While dealing with the risks inherent in the proliferation of mHealth, Kotz is quick to point out the benefits of mobile device technology to health care. “Fitness-conscious individuals will be able to use inexpensive portable devices to monitor their own health and track personal improvement,” says Kotz. “People with chronic diseases like diabetes, asthma or heart disease, can help a physician monitor either the evolution of their symptoms or the efficacy of their treatment.”
It might mean that you won’t have to go to the hospital as often for checkups or to explore something of concern to you because the doctor will be able to look at the data remotely and assess your condition, he explains.

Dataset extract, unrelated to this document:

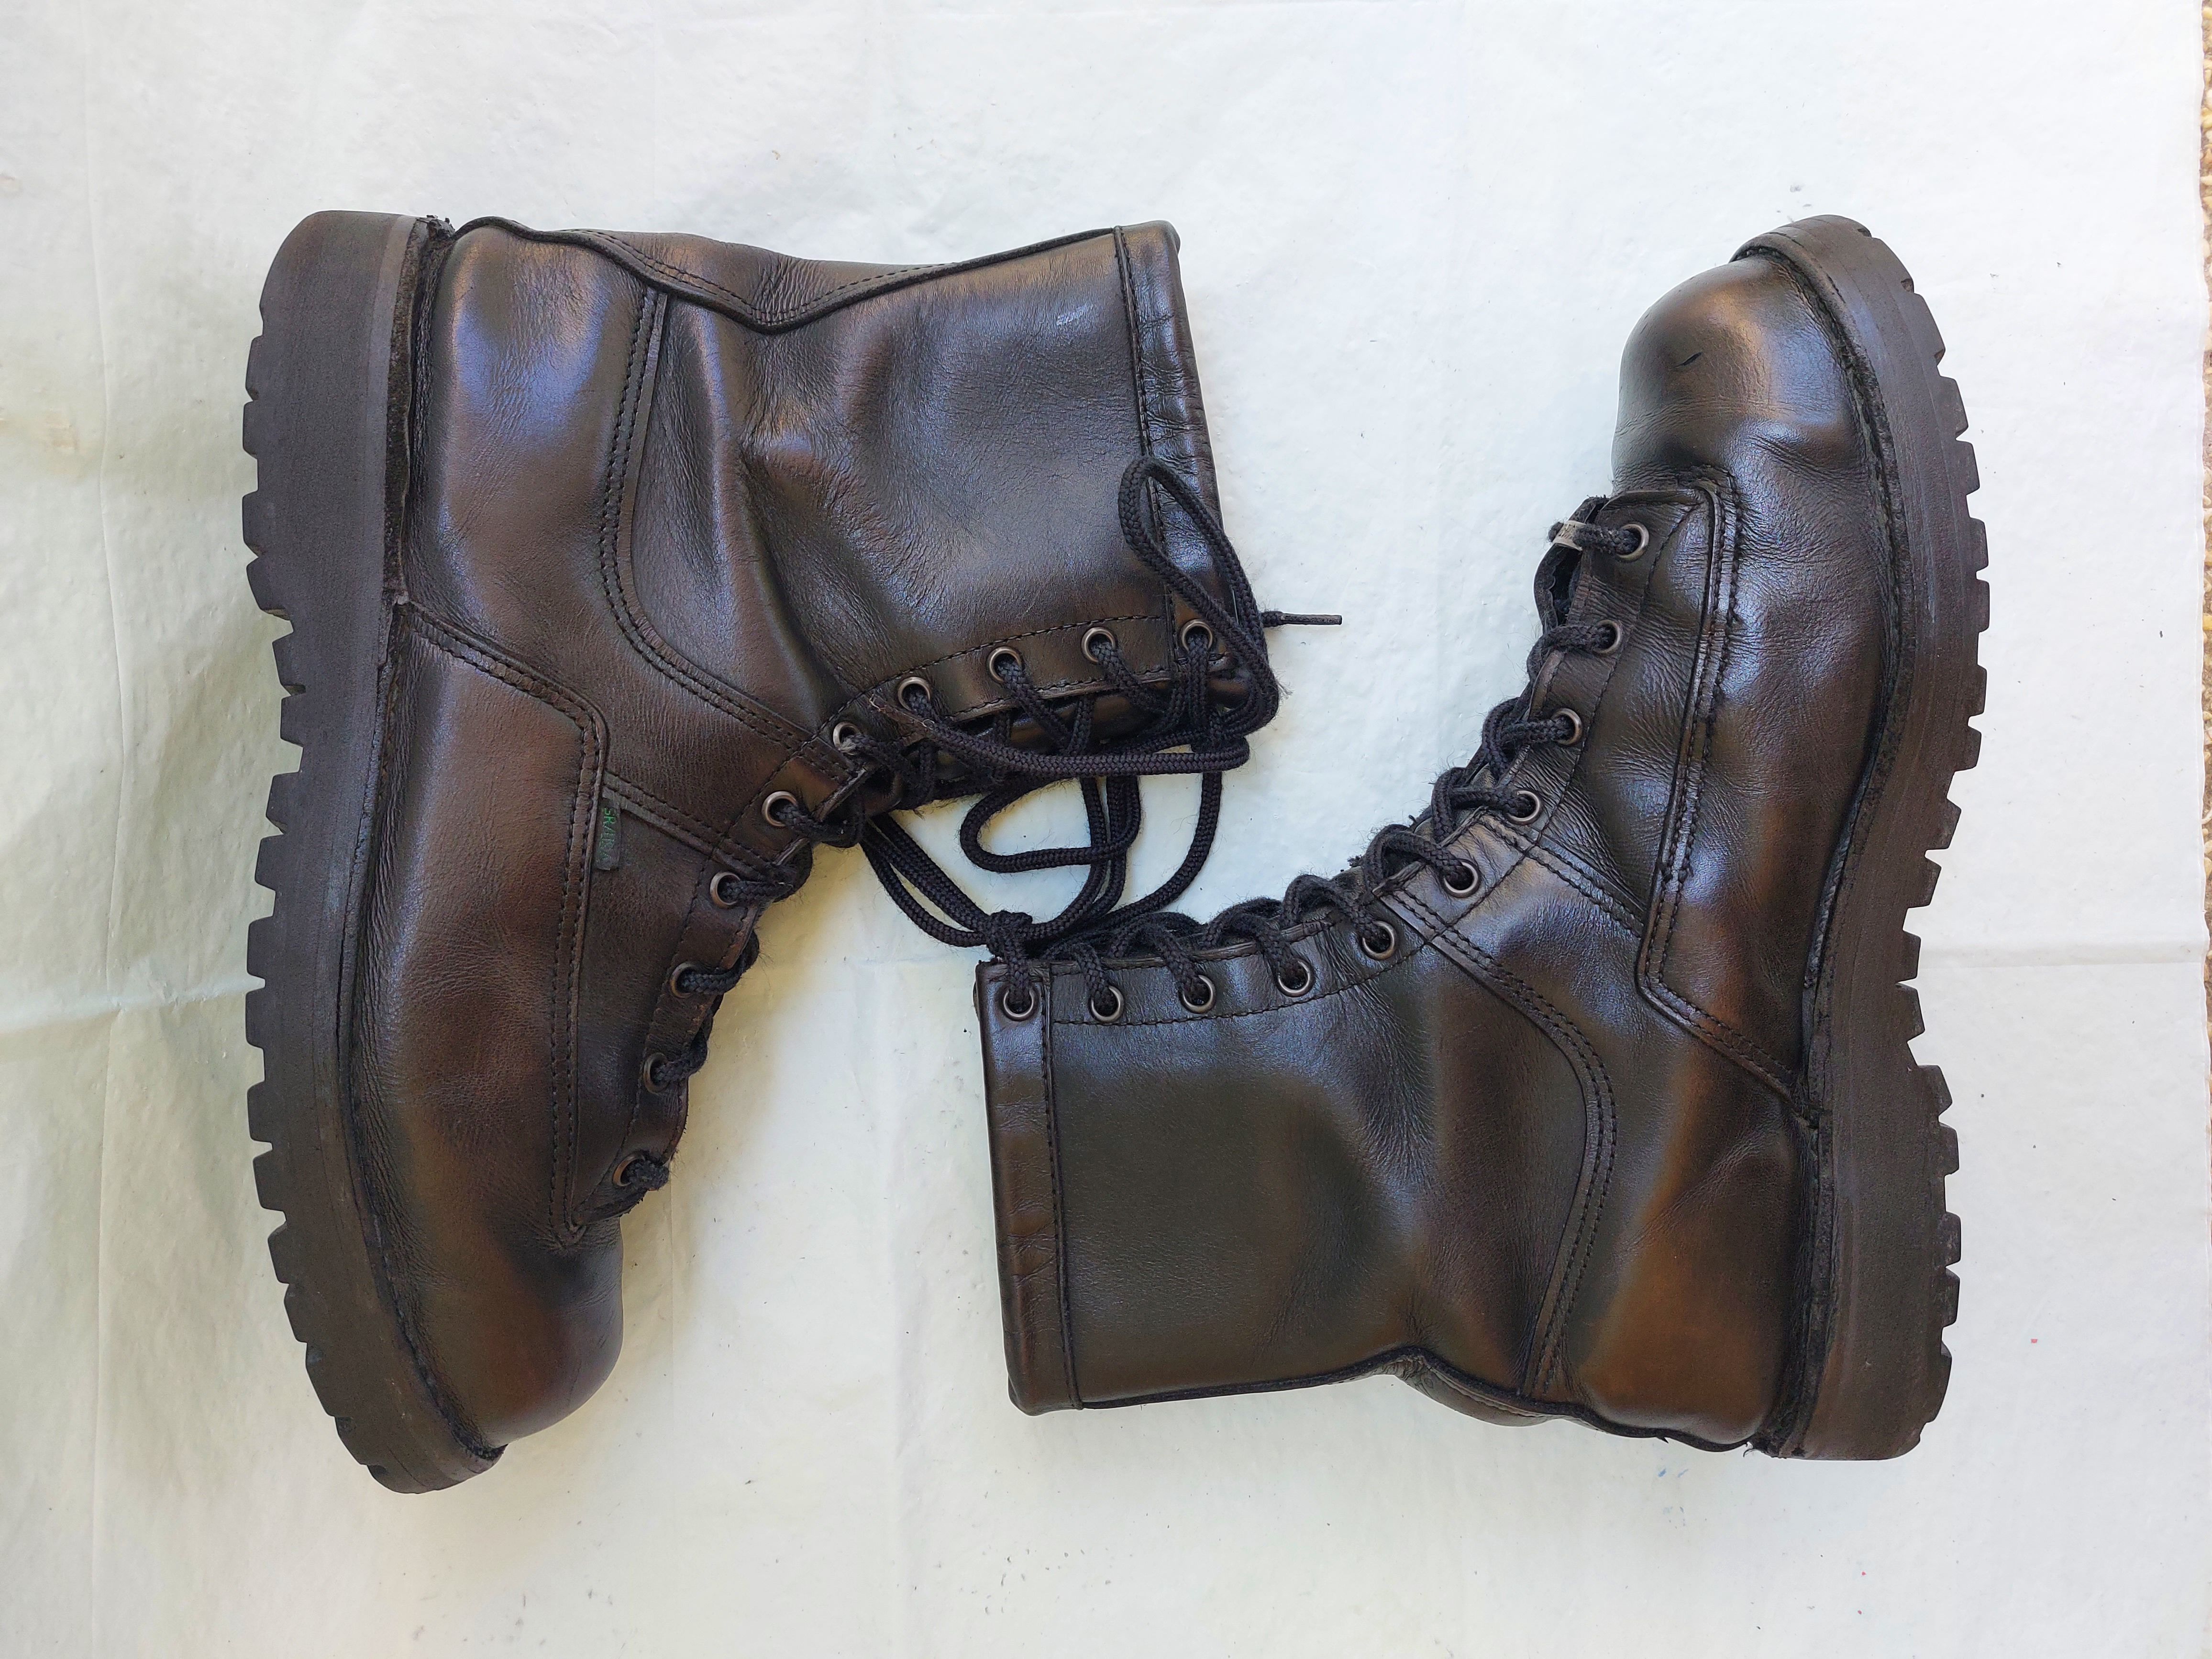 Danner DANNER RECON 8" black insulated 200G GORE-TEX combat boots Size US 10 / EU 43 - 1 Preview

The potential benefits of mHealth technology extend far beyond its applications in our society through its increasing use in developing countries. With greater mobile phone use in low-income nations, mHealth is providing expanded health care access as well as improving the capacity of health systems in such countries to provide quality health care.
In pursuit of that goal, Kotz has begun another NSF-funded project, in which he will collaborate with Rice University and the Indian Institute of Technology Delhi. “We will be taking on some of the technology challenges involved in making mHealth devices for the developing world, including addressing security concerns,” Kotz said.
The partners will be developing the scientific foundations for a modular kit of mHealth components—portable, inexpensive, and usable by patients or health care workers with limited training—that can be assembled into a variety of combinations for different circumstances or health care purposes.